Located on Spencer Road in Wembley, Byron Court provides education to 872 pupils, ranging from ages four to eleven. It was given an outstanding rating when it was last inspected in 2012, but a scathing report following inspections on November 28 and 29 last year highlighted the school’s ‘marked deterioration’.

The school had been exempt from routine inspections until 2020 so there had been a longer gap than usual between visits. The report noted ‘significant changes’ at the school since the last inspection, leaving it with ‘insufficient capacity’ to run effectively and too much responsibility being held by too few people.

Pupils’ behaviour and attitudes are said to have ‘significantly declined’ over time. In lessons, students disrupt their own learning and that of others, whilst break-times are described as ‘chaotic’ even when there is a member of staff on duty.

Some pupils, parents, and carers all raised concerns about bullying but feel they are not dealt with properly by staff and the behaviour continues. Other serious cases of bad behaviour, including racism and sexual harassment, are ‘not thoroughly dealt with or followed up’, according to the report. The use of racist language has been ‘normalised’, with too few steps being taken to crack down on it.

Inspectors criticised the school’s ‘turbulent leadership’, which they claimed has led to a ‘sharp decline in standards’ in all aspects of school life. Management was said to be ‘overloaded by the scale and amount of work needed’ to improve its outcomes, leading to some parents having ‘lost confidence’ in the school and its expectations for their children.

Pupils are ‘not receiving an acceptable standard of education’, including those with Special Educational Needs and Disabilities (SEND) who are given ‘too little attention’. Often their needs are ‘not identified and met’, meaning they are not progressing well-enough through the curriculum, according to inspectors.

The school was praised for its range of clubs and school outings available to the pupils, as well as for its successful work alongside parents to improve attendance and staff are positive about the support they receive with their well-being.

The school has also taken steps to address the curriculum deficiencies but the leadership is said to have been ‘severely hampered’ in its ability to deliver the curriculum well due to reduced staffing numbers.

Ahead of a follow up visit, inspectors recommended that all staff receive further training so they have the expertise to meet pupils’ needs and make sure that suitable leadership arrangements are in place.

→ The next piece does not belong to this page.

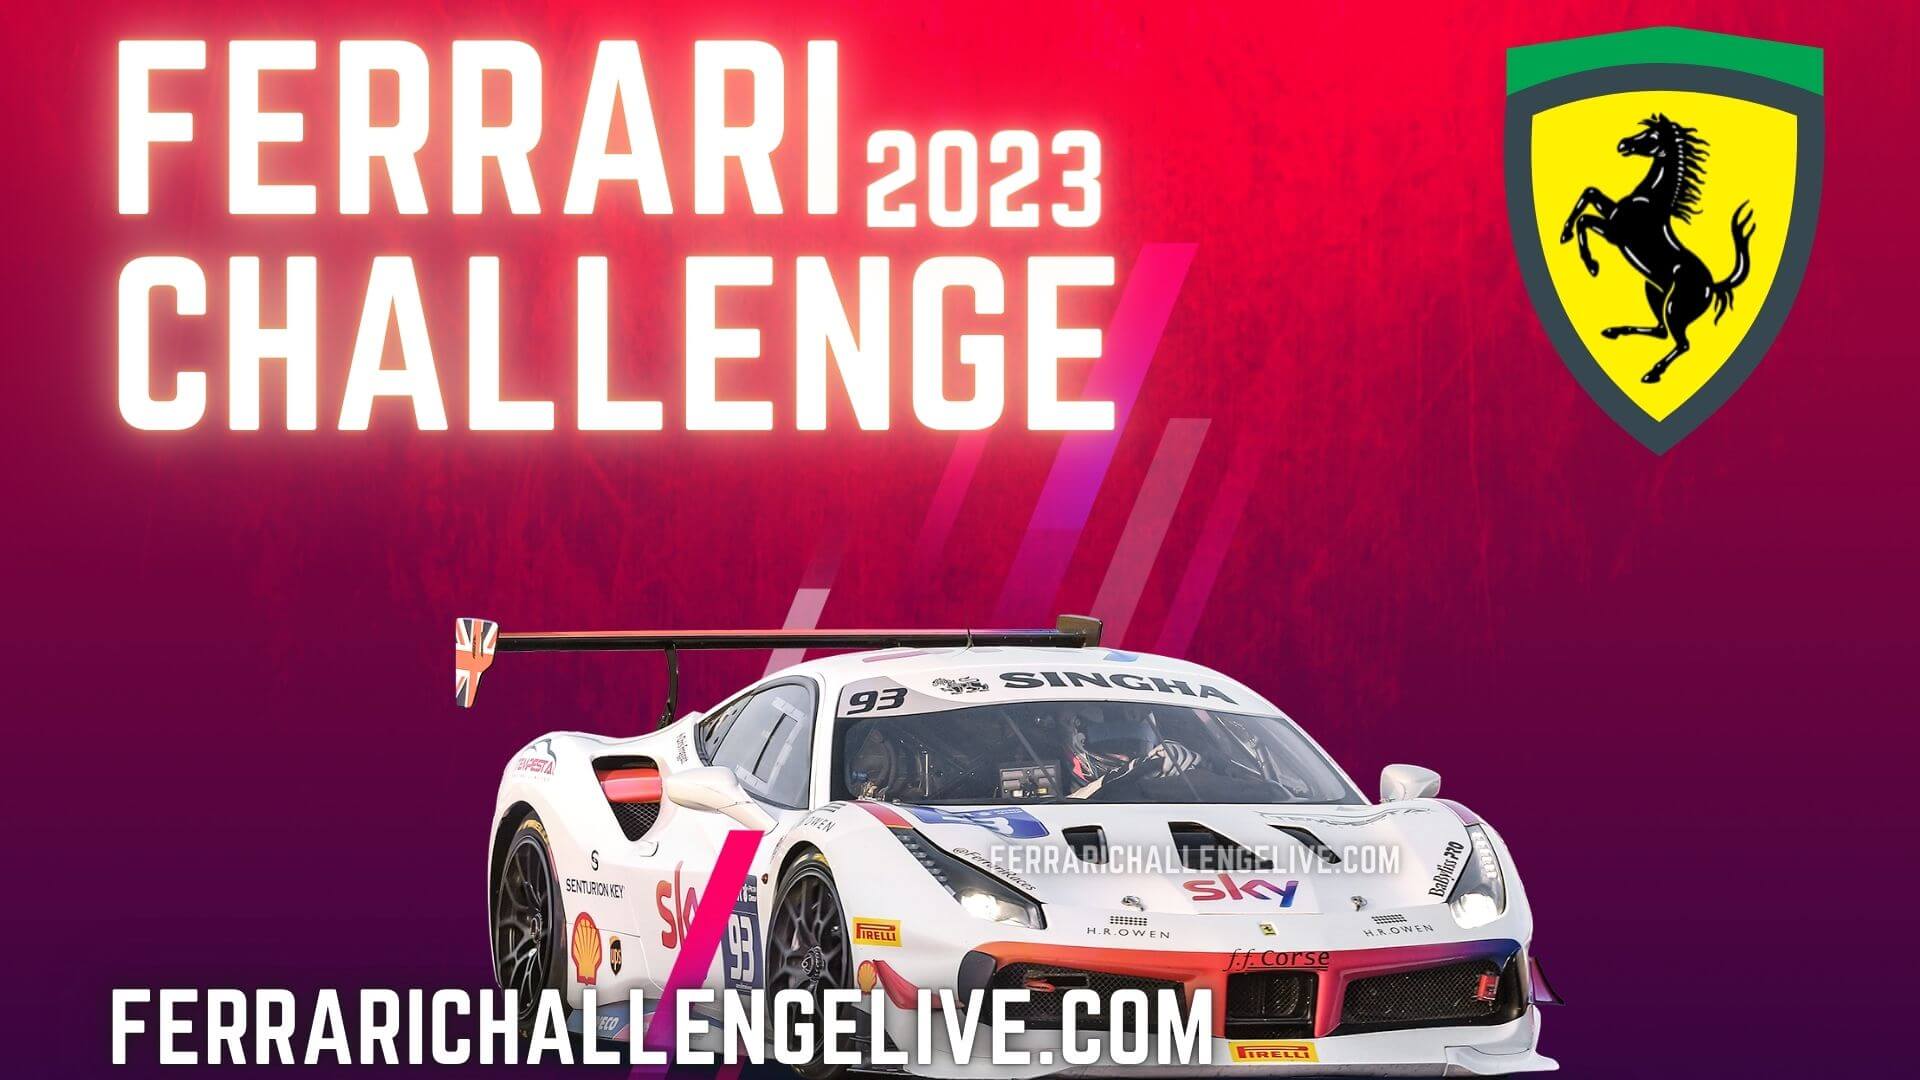 Ferrari Challenge Live Stream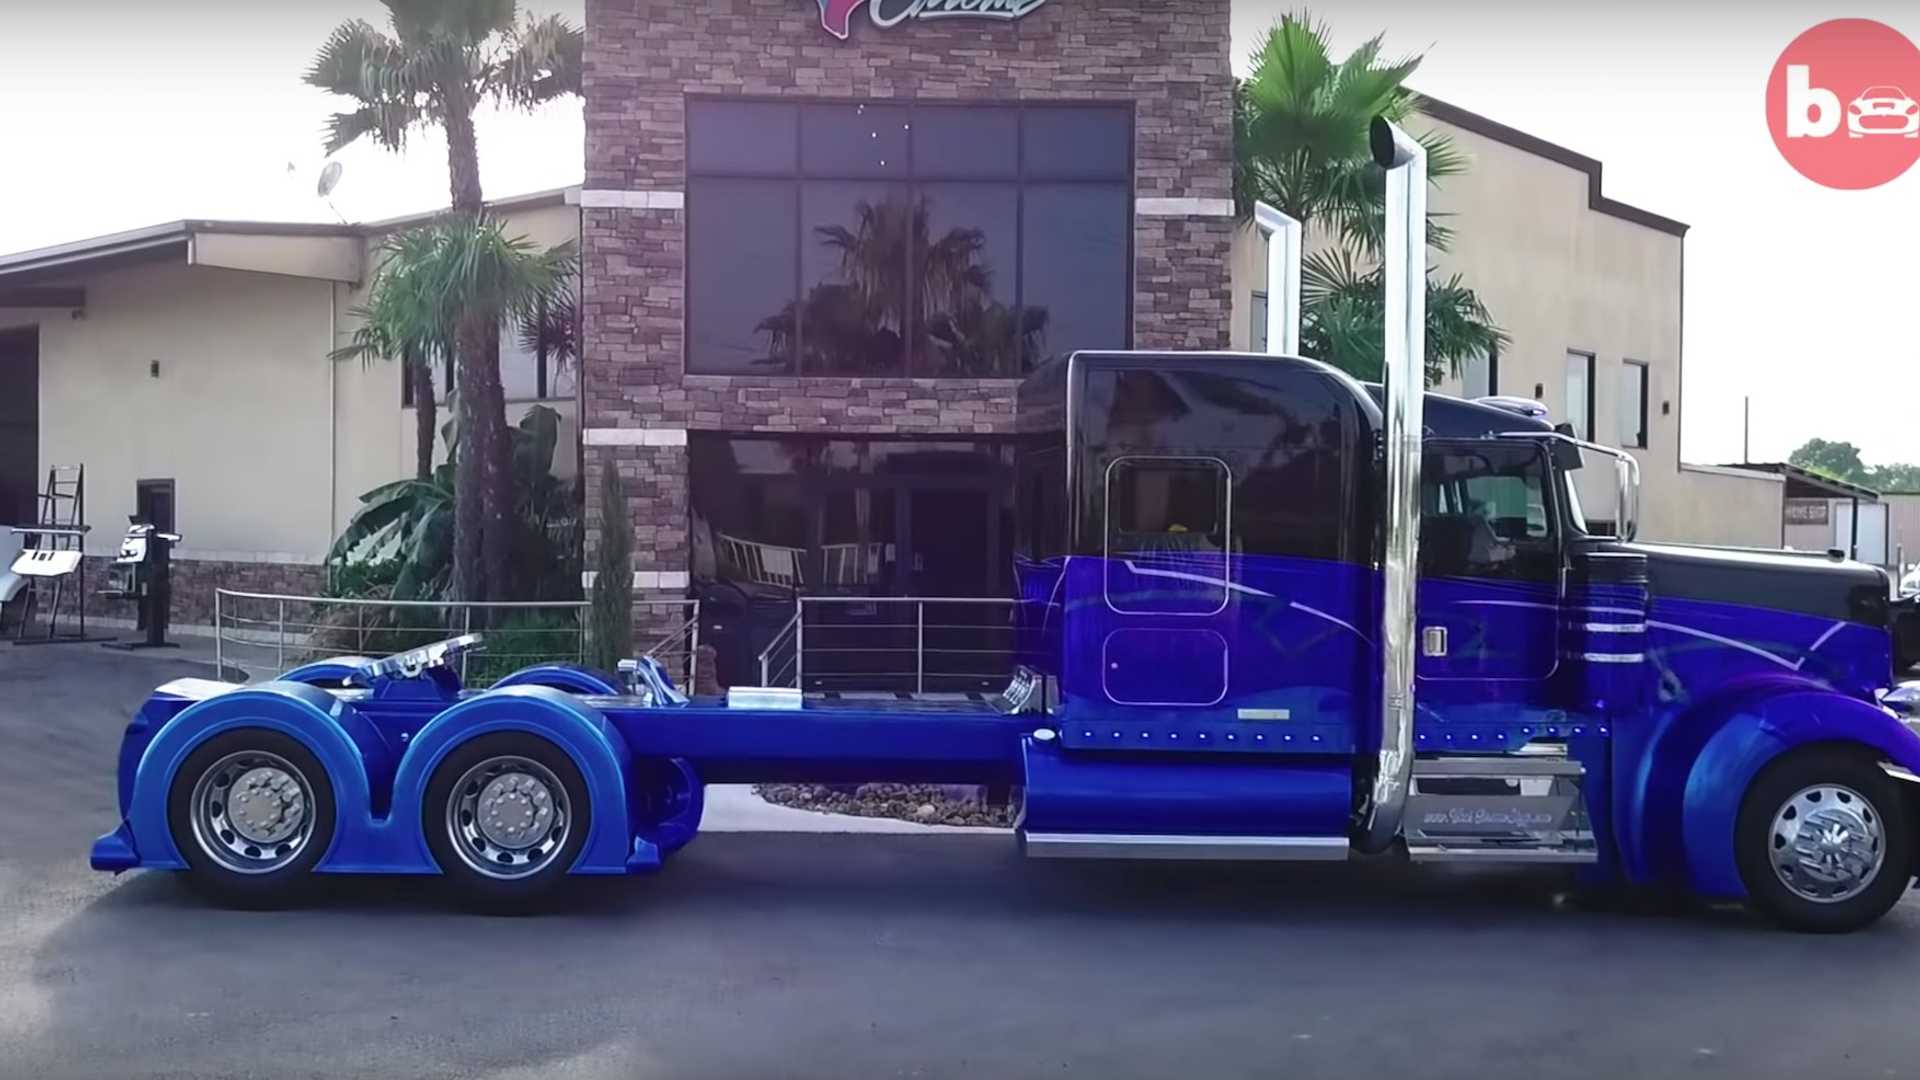 Машина 750 сил. Bolt Custom Truck. Безумный тюнинг магистральных автотягачей.

They also suggested the school focus on improving behaviour by reviewing its policies and practices, as well as making improvements to the curriculum.

Richard Sternberg, the acting headteacher at Byron Court, accepted that the improvements outlined in the report ‘must be addressed urgently’. He added: “The leadership team and governors have already started making significant improvements to ensure that the school provides the best possible learning environment for children.”

A spokesperson for Brent Council, the school’s local authority, said: “Since the recent Ofsted inspection of Byron Court Primary School in November 2023, the local authority has been working closely with the school’s leadership team to address the issues raised.”

They added: “A new Chair and Vice Chair of Governors are now in place following the resignation of the previous Chair and Vice Chair. Our absolute priority is the wellbeing of the school’s pupils who deserve the best quality education.”